Lee has never shied away from the potential offered by new technologies. She recalls an early experience playing a DJ set in 2011 using only Ableton Live. “A lot of people were so traditionalist at the time and I got a number of not very nice comments. They were like, ‘You need to have two decks, you can’t just use Ableton!’ Of course, now everyone uses Ableton.”

That same openness led Lee to experiment with the metaverse way back in 2017, collaborating with WaveXR to release a VR experience of her album Lune Rouge. She even chose to have the album’s launch party in a virtual space.

“Unknown territories are really appealing. And I say that while also being a sceptic of things. I’m not like, ‘Wow, VR is the future’. Maybe it is. Maybe it isn’t. But that experience was something I could offer people and it’s something I’ll always remember. Having an album release party in VR was trippy. It was amazing and not a lot of people can say they’ve done that.”

Lee may retain a healthy scepticism but if there’s one thing she is sure about, it’s that the technological disruptions that have shaken the industry won’t stop any time soon. “Things are gonna change whether you want them to or not. Whether you don’t like crypto or you don’t like NFTs, they are still here.”

True to form, Lee is about to step into the Web3 arena with TOKiMONSTA’s first ever solo NFT, on the sound.xyz platform, which will accompany a new single – the name of which is currently unknown. As with VR, Lee makes it clear that she doesn’t buy into the hype. But that that’s no reason not to dive in and try things out.

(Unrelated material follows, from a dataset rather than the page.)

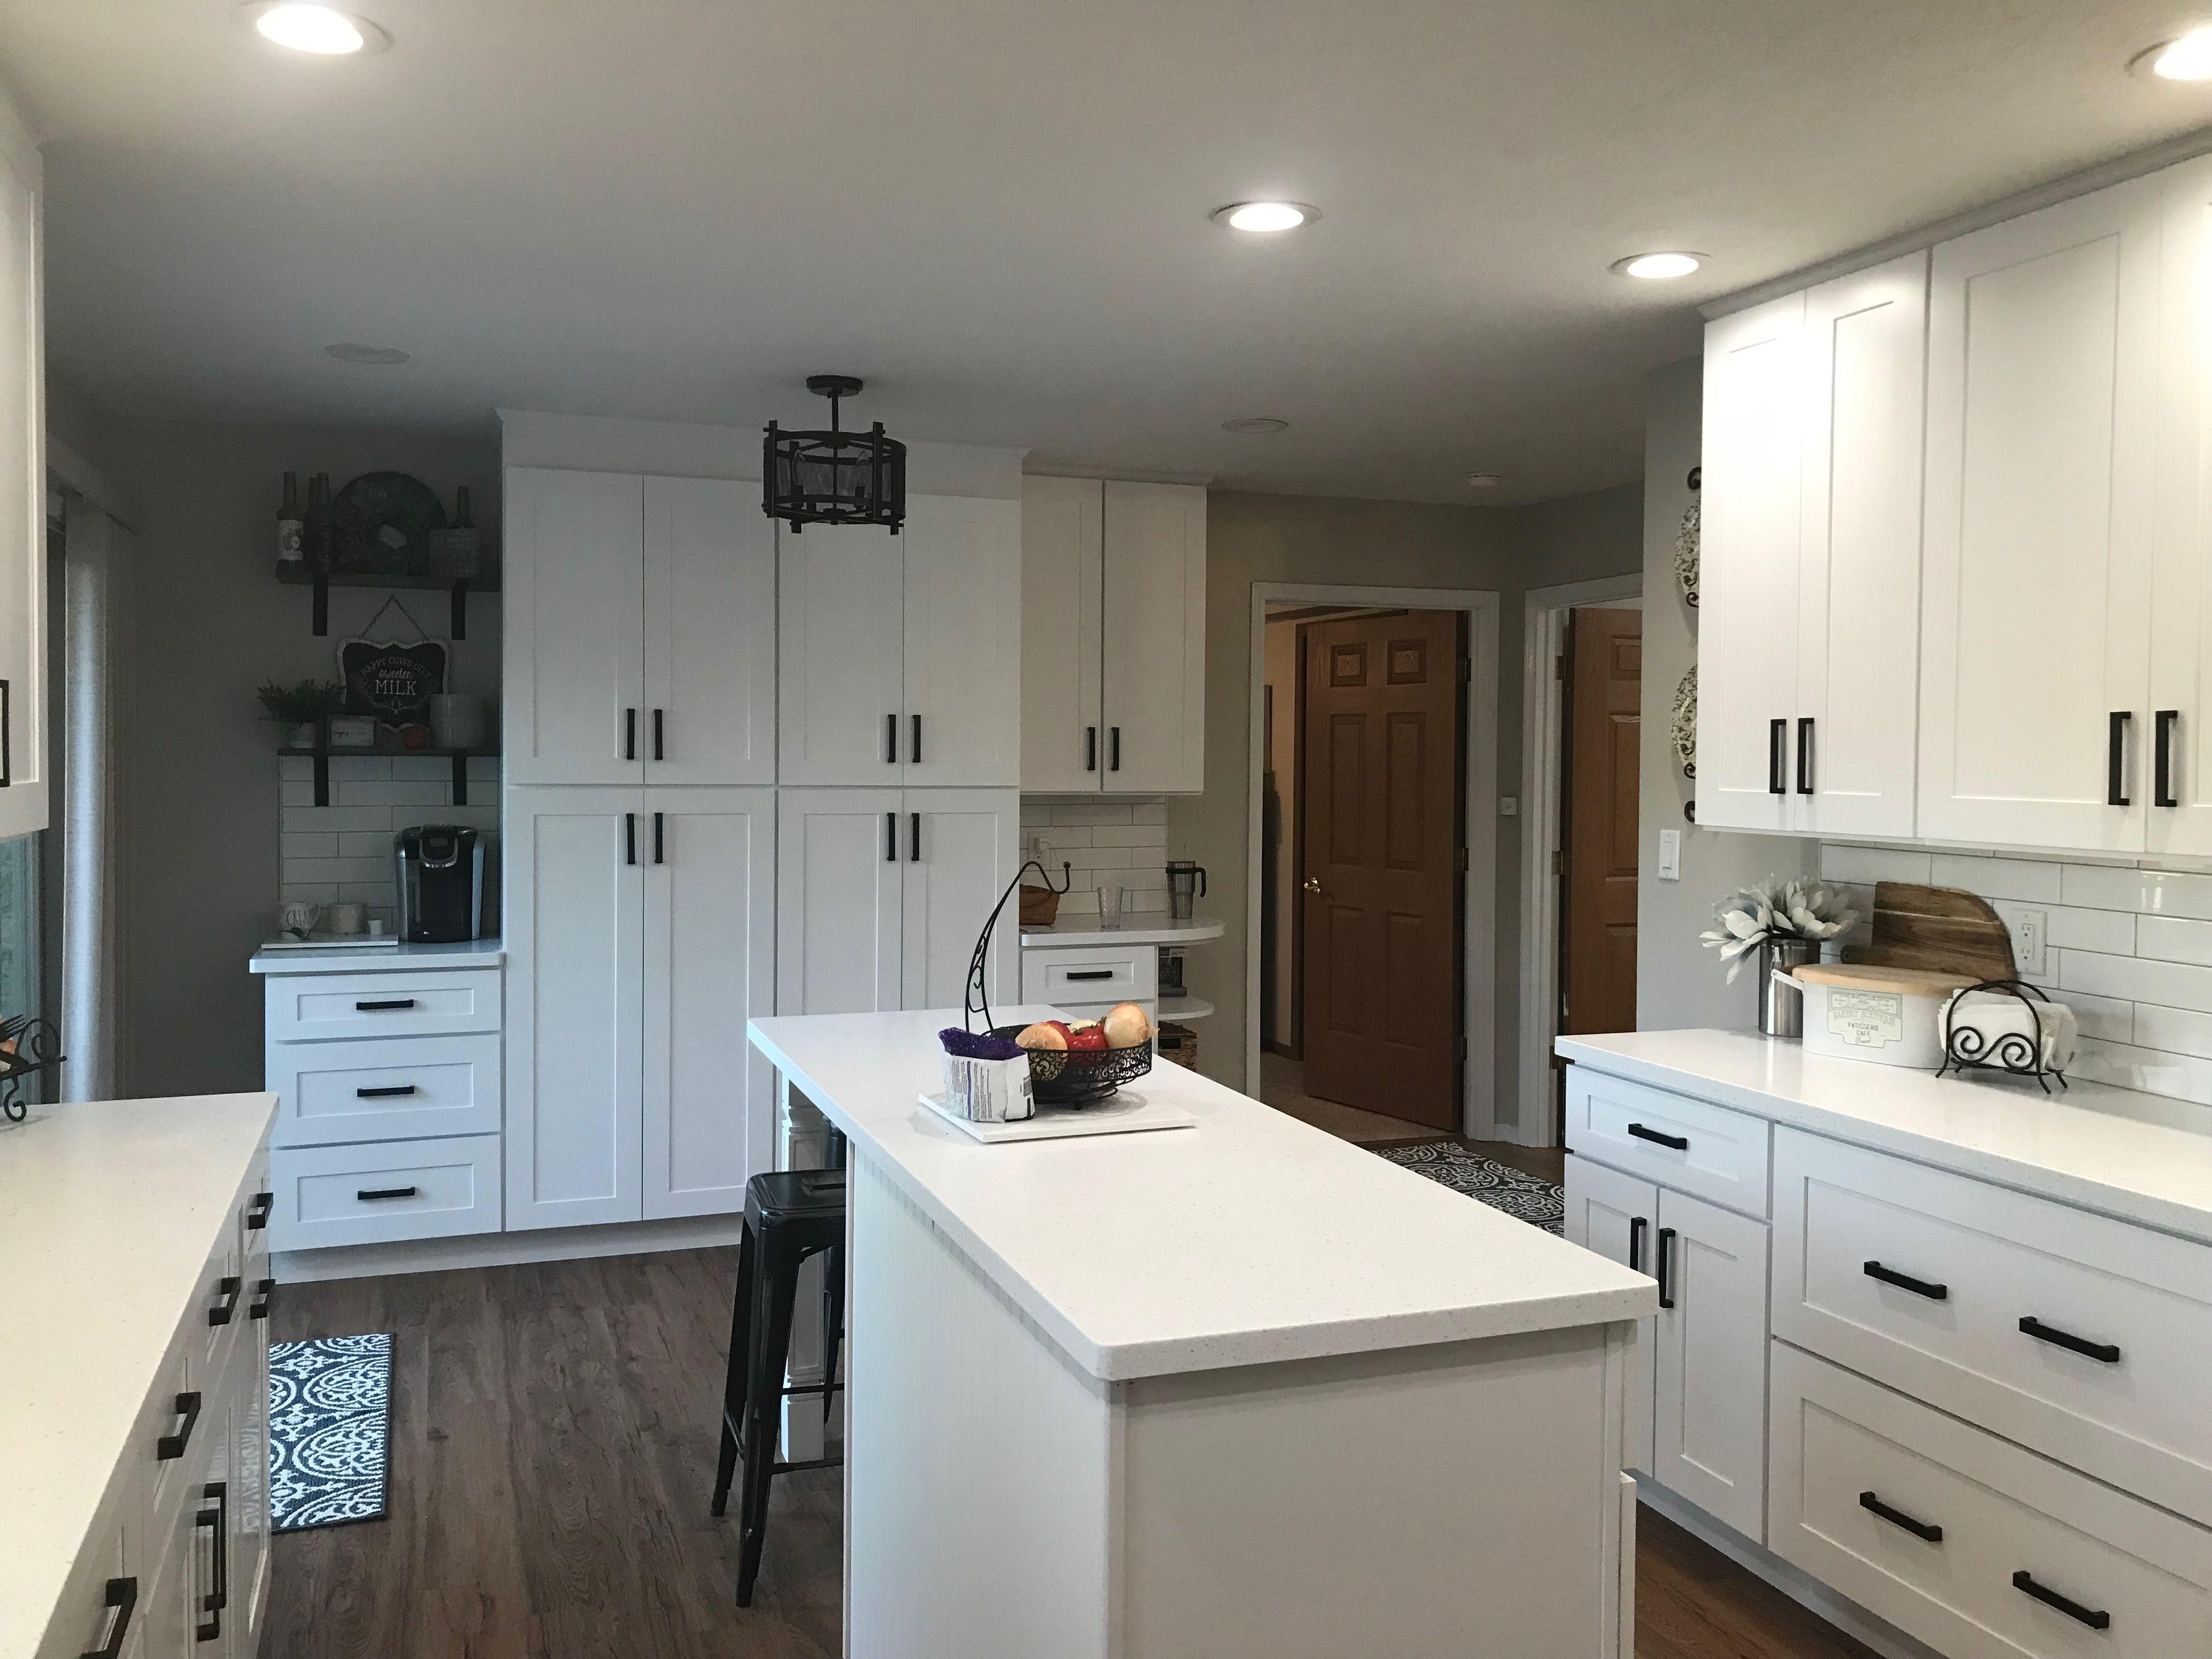 Lily Ann Cabinets White Shaker Kitchen White Shaker Kitchen Cabinets Grey Kitchen Cabinets Shaker Kitchen Cabinets
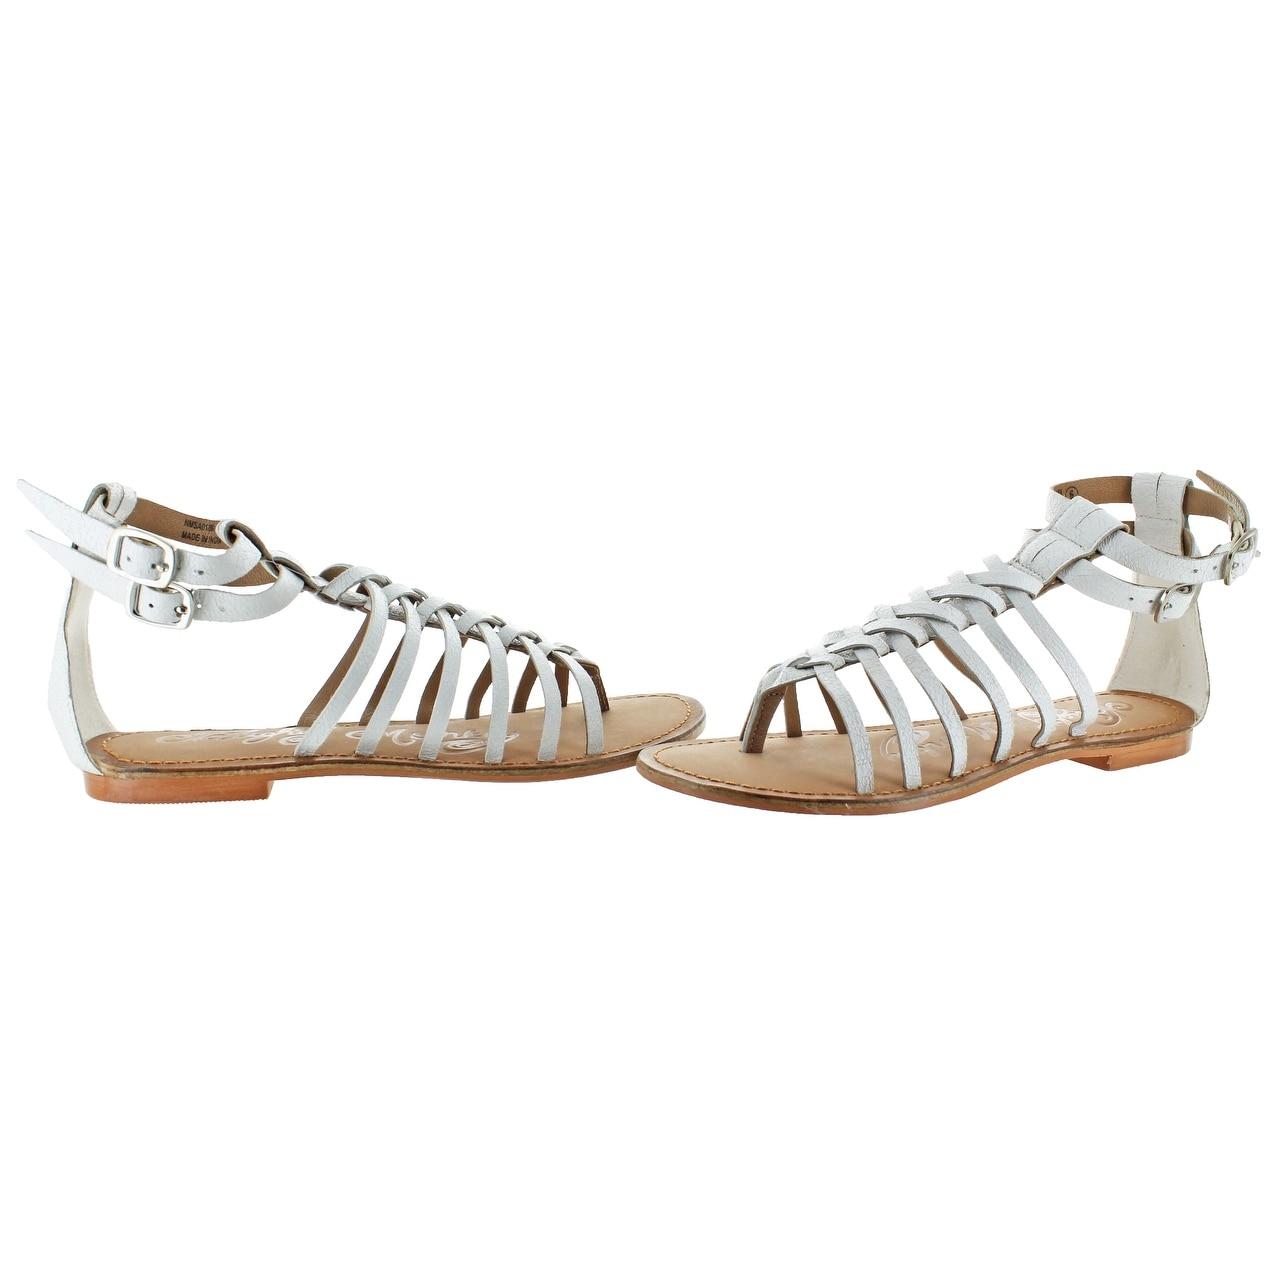 e618339fede Shop Naughty Monkey Boardwalk Women s Gladiator Sandals - Free ...

“[Web3] is in its infancy and there’s a lot of mistakes that have already happened but, behind it all, it’s just a tool that needs to be used appropriately. The technology is pretty incredible and there’s so many different ways it can be used. But I also get sent DMs every week from people trying to reinvent the music industry using Web3 and NFTs. I’m not fully sold on any of it just yet.”

Twelve years on from her label debut, Lee has achieved the kind of career longevity that many artists would envy – though to hear her tell it, she’s just as surprised as anyone. “I’m always amazed that I’m still around,” she exclaims. “If anyone asks me where I see myself in the future, I just cross my fingers and hope I’m still making music.

Despite Lee’s hard-earned humility, the nocturnal pulse of TOKiMONSTA feels just as relevant today as it did more than a decade ago. The key, she says, lies in never getting too comfortable with your routines. “The longer you’ve been making music, the more your process can seem mechanical instead of creative. I don’t want that; my goal is to always keep a mindset that is fresh and hungry and excited to make music.”